Formulation	IC50, µM
	MCF‐7	SKOV3
free drug	0.386 ± 0.025	0.542 ± 0.041
DOX loaded in non‐targeted NPs	0.117 ± 0.022	0.128 ± 0.01
DOX loaded in targeted NPs	0.018 ± 0.008	0.155 ± 0.001

Taheri et al. [21] conjugated LHRH to methotrexate‐human serum albumin (MTX‐HAS) NPs via EDC as the cross‐linker. They also showed significant cytotoxicity of the LHRH targeted NPs on the LHRH positive T47D cells compared to non‐targeted NPs.

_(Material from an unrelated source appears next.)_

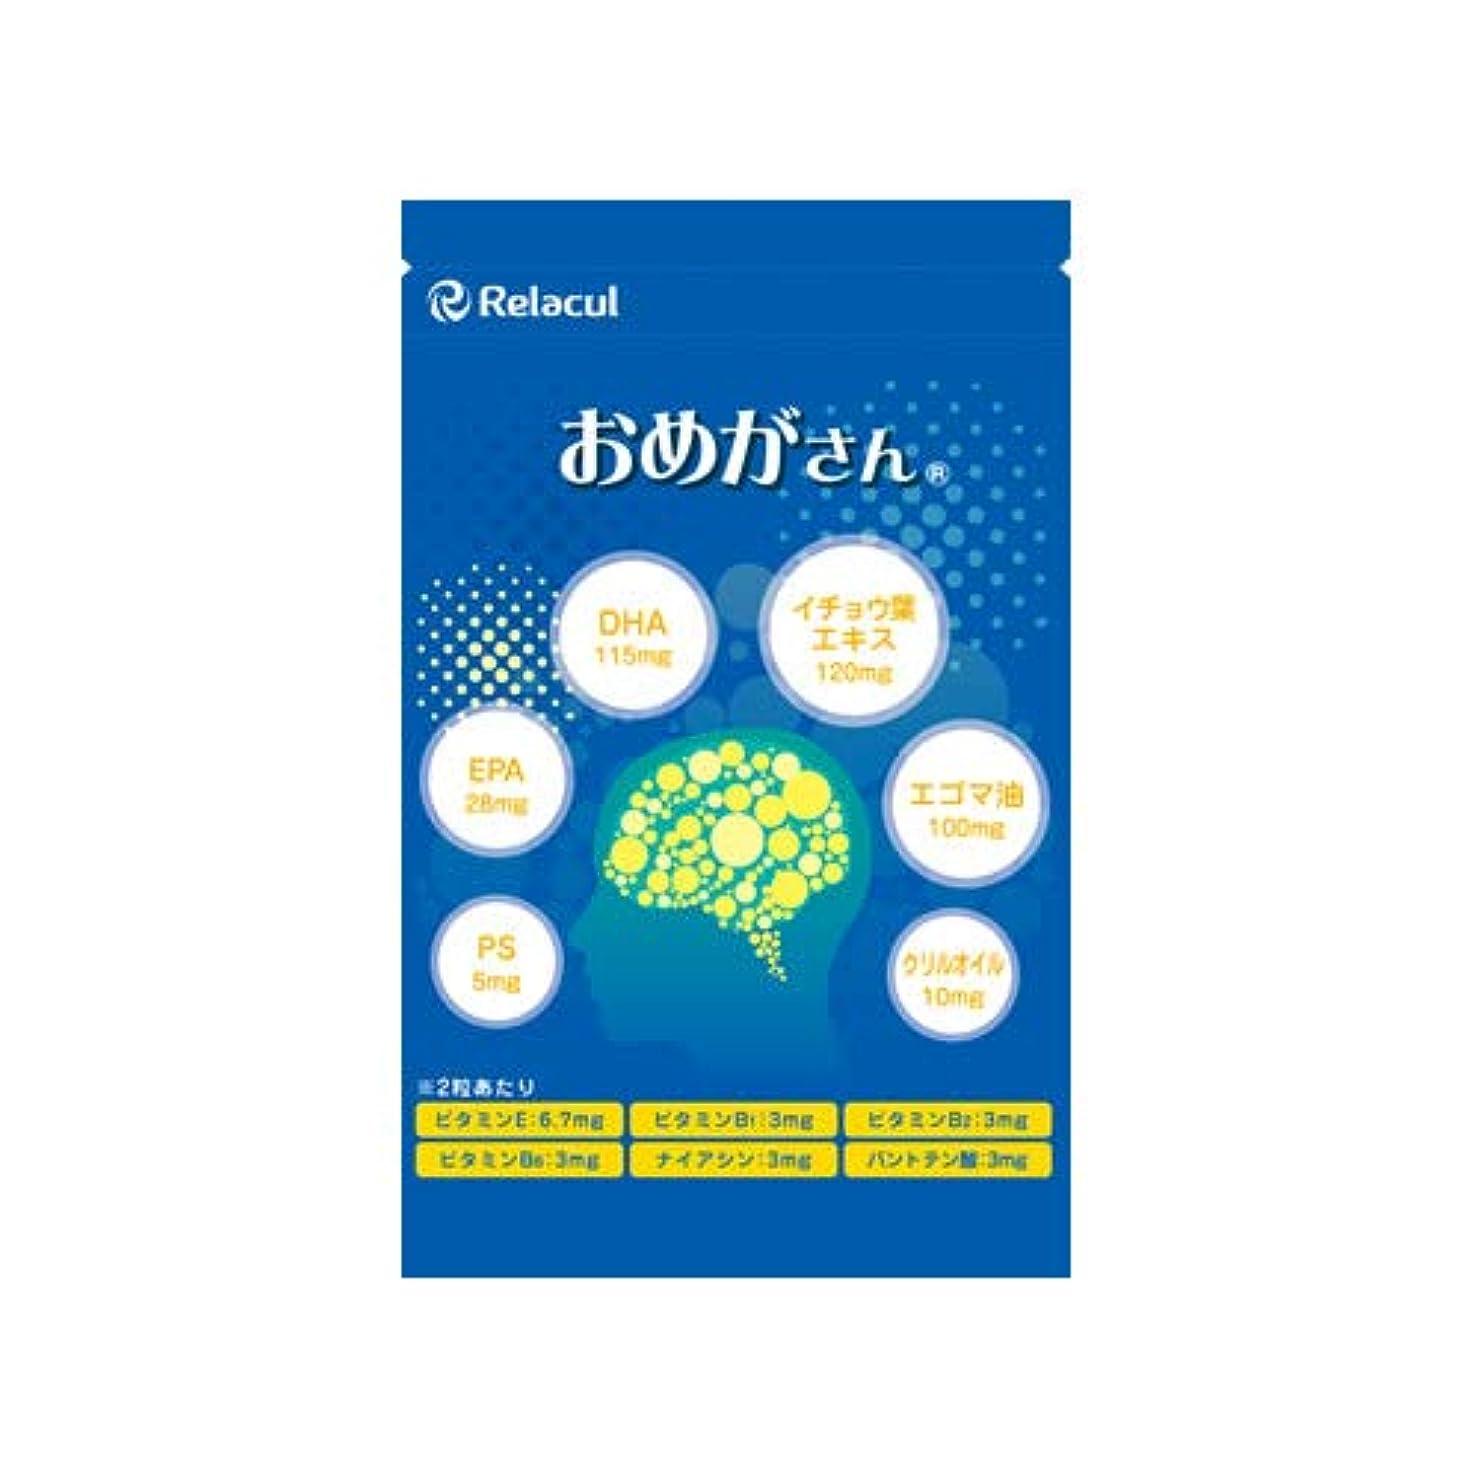 奪う歩行者まさにオメガ3脂肪酸 DHA EPA サプリ ( 日本製 ) うっかり 対策 サプリメント [偏った食生活に] フィッシュオイル イチョウ葉エキス エゴマ油 クリルオイル [ おめがさん 1袋 ] 60粒入 (約1か月分)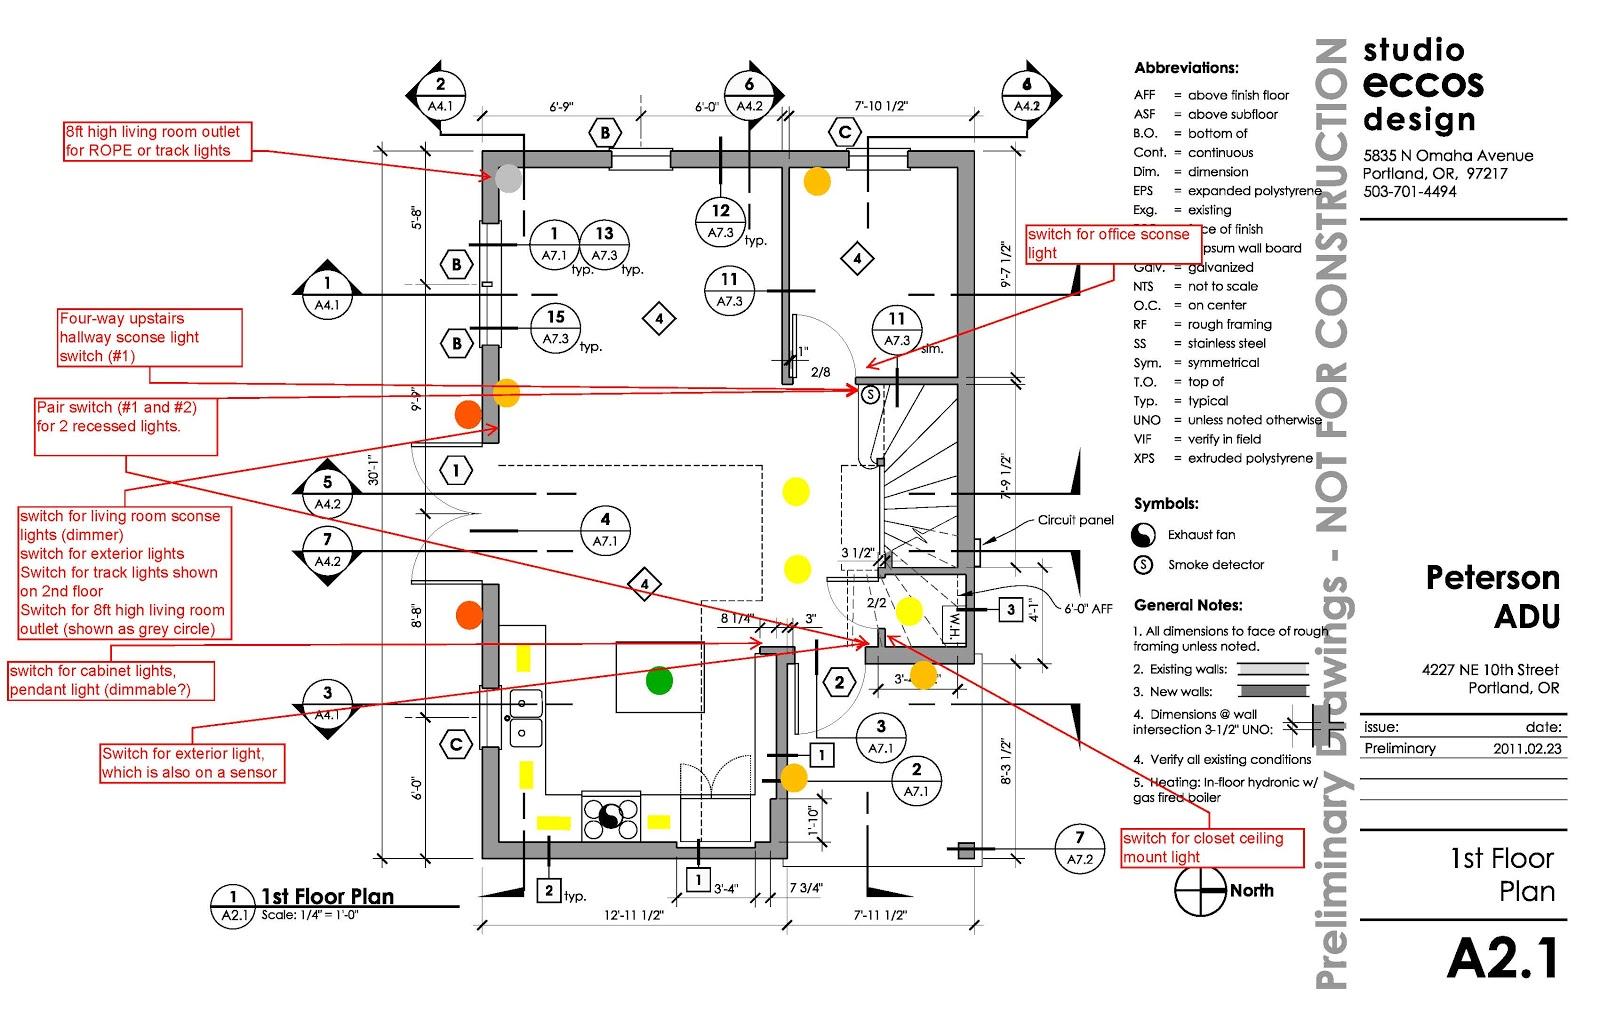 lighting plan for first floor [ 1600 x 1035 Pixel ]

In another study, a synthetic analogue of LHRH peptide was attached to the nanocarriers containing paclitaxel. Intratumoral accumulation and anti‐cancer efficacy of targeted nanocarriers were enhanced compered to non‐targeted ones in the tumour of mice bearing xenografts of human A549 lung carcinoma [36].

4 Conclusion

In this study, DOX loaded NPs of PMVEMA were prepared by the cross‐linking method. The effect of stirring rate, DOX/polymer and ZN/polymer ratio were studied in eight different formulations. Finally, the formulation prepared using 5% of DOX, 50% of ZnSO₄ and stirrer speed of 960 rpm was selected as the optimal formulation. Triptorelin/polyallylamine conjugation was prepared and coated on the surface of the NPs in order to carry out an active targeting procedure for drug delivery to cancerous breast cells. Targeted NPs containing DOX showed the highest significant cytotoxic effects on LHRH‐positive MCF7 compared to the non‐targeted NPs and free DOX. Also targeted and non‐targeted DOX loaded NPs had almost the same cytotoxicity effect on SKOV3 cells (as negative non‐bearing LHRH receptor cells). This confirmed the cellular uptake of the targeted NPs in MCF‐7 cells via the receptor mediated endocytosis. It is notable that the blank NPs were not cytotoxic, which indicates the safety of the selected polymers. However, these observations must be further investigated in preclinical in vivo studies to confirm the specific cytotoxic effects of the targeted nanoparticles.